Comparison between selected polarization parameter maps (diattenuation, linear DOP, and linear retardance) for (a) collagen and (b) EFMC, in porcine PCL. The color bars represent the range of allowed values for each polarization metric, apart from diattenuation, whose range has a maximum at 0.5 to increase contrast. The inset values at the top right hand of the images are the average parameter values per pixel that contributes to signal, along with the standard deviation.

5.

Summary and Discussion

In this paper, we introduced the multimodal SPPARC microscope, from which 3-D SHG-patterned confocal microscopy images of collagen fibers were obtained. We applied linear polarimetric analysis and matrix decomposition methods to these images in order to obtain rich polarization information. We also showed that SPPARC microscopy permits label-free quantitative analysis of the EFMC, which to our knowledge had heretofore not been accomplished. Using MMPD as a decomposition approach, we highlighted differences in average parameter values between tendon and PCL collagen and observed that PCL preserves circular DOP (and hence has less total depolarization) than tendon collagen. The variation in parameters was not as pronounced for the comparison between tendon collagen and tendon EFMC. We also tracked changes in parameters across layers for collagen in tendon. The retardance parameters in particular showed gradually reducing values for deeper penetration.

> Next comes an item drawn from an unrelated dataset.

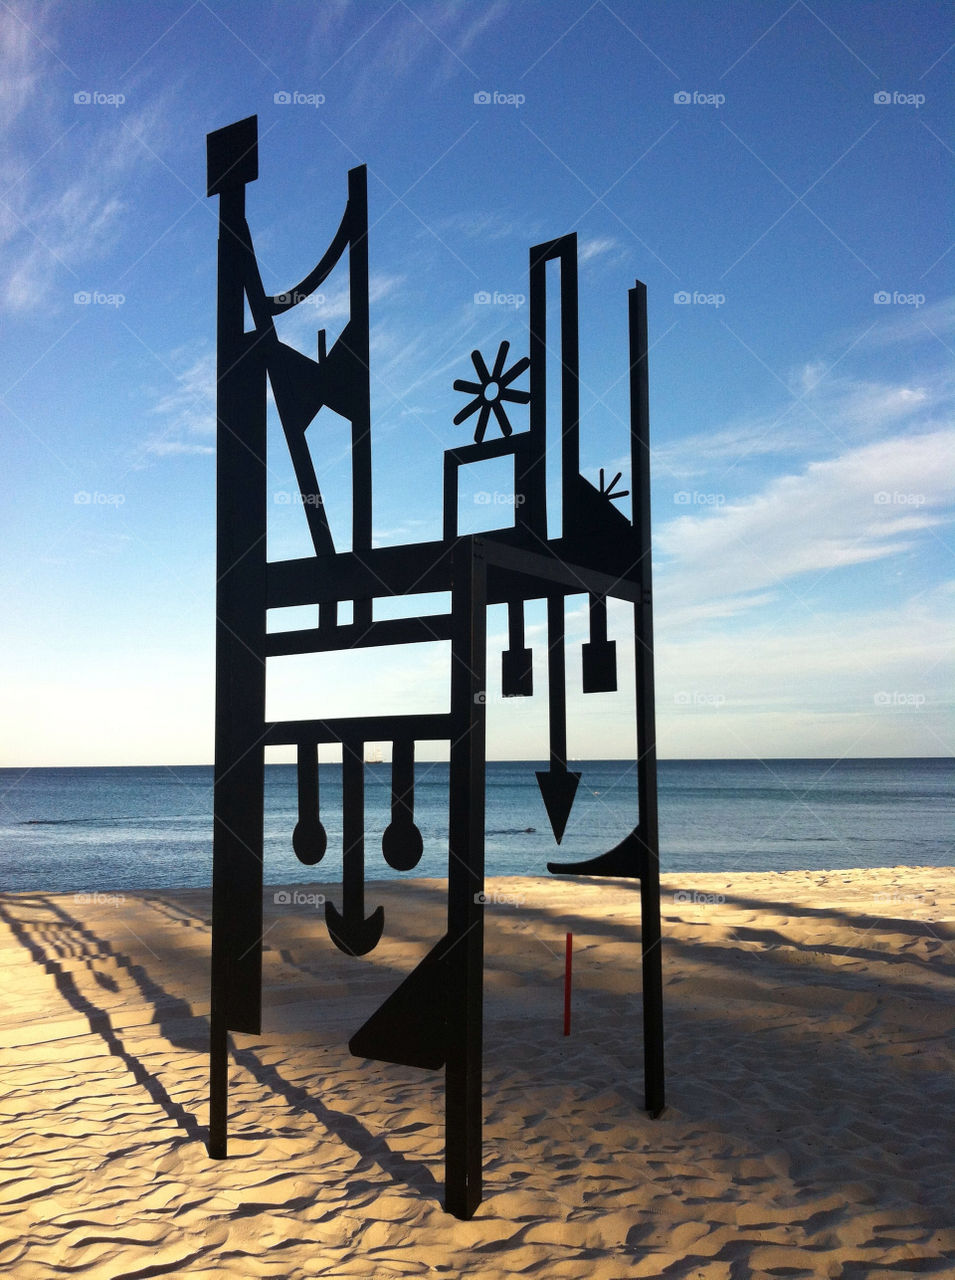 beach silhouette sculpture by theshmoo

In order to make statistically significant comparisons with stronger interpretation of results, an in-depth study involving more samples and further data analysis would be needed. In addition, the potential of polarimetric measures for differentiation would be more readily realized for complex microstructures having greater diversity, such as the case with varying pathologies of cancerous tissues. This is indeed the focus of ongoing work being undertaken. Furthermore, more recent decomposition methods can be adapted to SPPARC microscopy; one such method is the differential matrix decomposition,⁶⁵ which assumes the sample’s properties within a differential matrix set by the spot size of the probing beam.